I'm not saying that incremental is bad per se, but that the choice of guaranteeing incrementalism complicates things for cases where it isn't necessary. I am not super familiar with lsp, but I can imagine lsp having a syntax highlighting endpoint that has both batch and incremental modes. A naive implementation could just run the batch mode when given an incremental request and later add incremental support as necessary. In other words, I think it would be best if there were another layer of indirection between the editor and the parser (whether that is tree-sitter or another implementation).

Right now though, you have to opt in whole hog to the tree-sitter approach. As mentioned above, incrementalism has no benefit and only cost for a batch tool like difftastic or semgrep to mention two named in this thread.

kstrauser · on March 22, 2024

That makes sense to me. I don't know for sure that you're right but it sure seems plausible.

I do wonder how much of a range there is on non-brand-new computers though. I'm typing this on an M2 Max with 64GB of RAM. I also have a Raspberry Pi in the other room, and I know from hard experience that what runs screamingly fast on my Mac may be painfully slow on the Pi.

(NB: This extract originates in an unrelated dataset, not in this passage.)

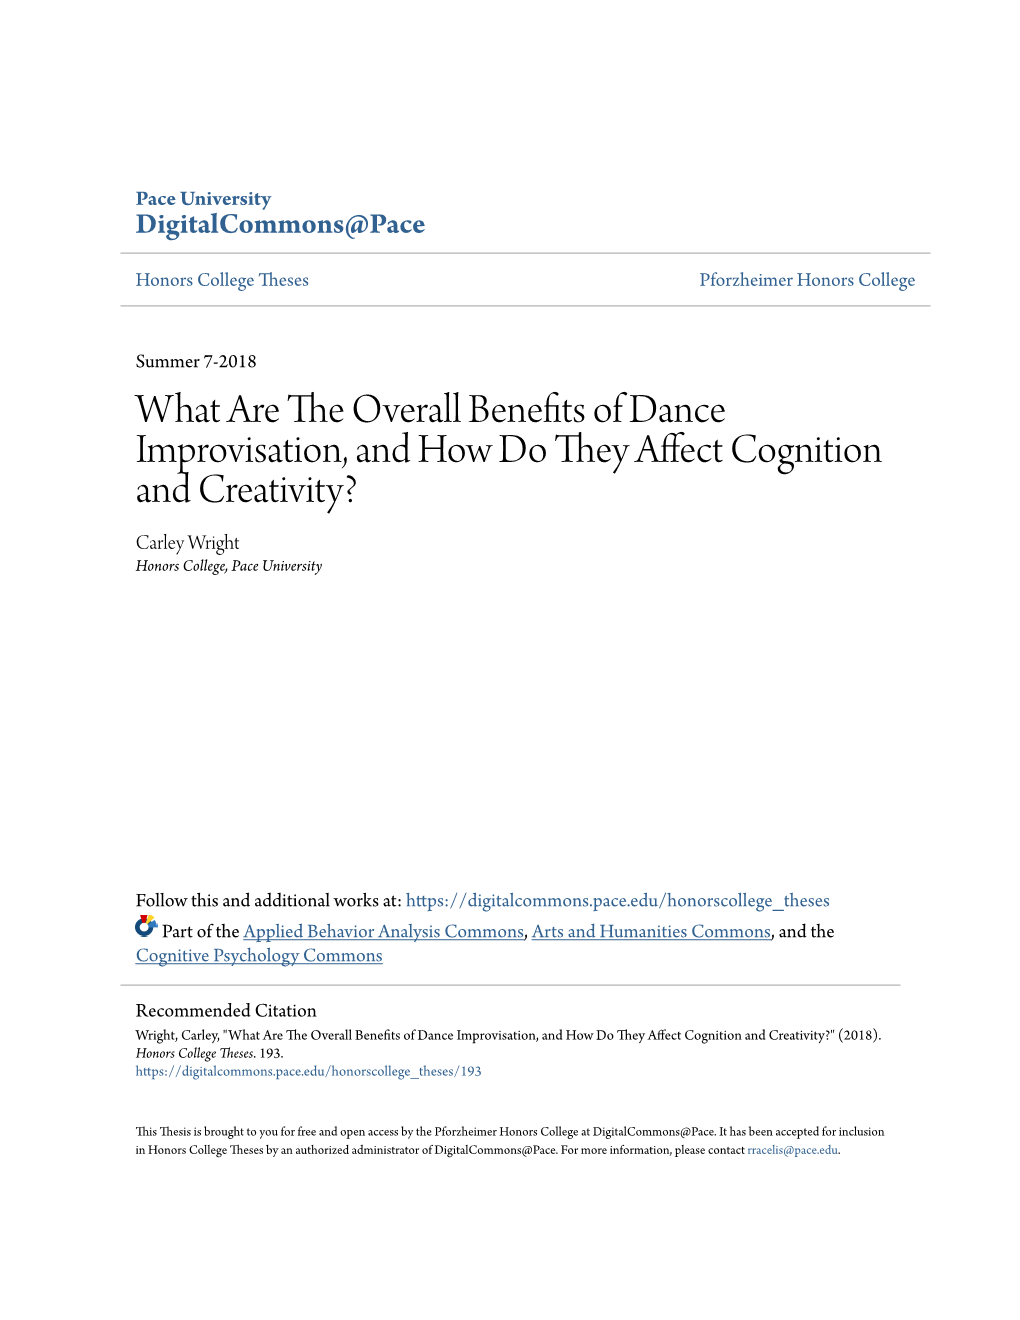 What Are the Overall Benefits of Dance Improvisation, and How Do They Affect Cognition and Creativity? Carley Wright Honors College, Pace University

I could also imagine power benefits to an incremental model. If I type a single character in the middle of a 30KLOC document, a batch process would need to rescan the entire thing where a smart incremental process could say "yep, you're still in the middle of a string constant".

chubot · on March 23, 2024

I think it simply boils down to the requirements of interactive editors vs. batch tools.

I have no doubt that interactive editors like Atom/Zed can really make use of incremental parsing, and also lenient parsing.

Syntax highlighting and parsing isn't the only thing they do -- they still need the CPU for other things.

But yeah the problem is incremental is very different than batch, and lenient is very different than strict, so basically every language needs at least 2 separate parsers. That's kind of an unsolved problem, and I'm not sure it can be solved even in principle ...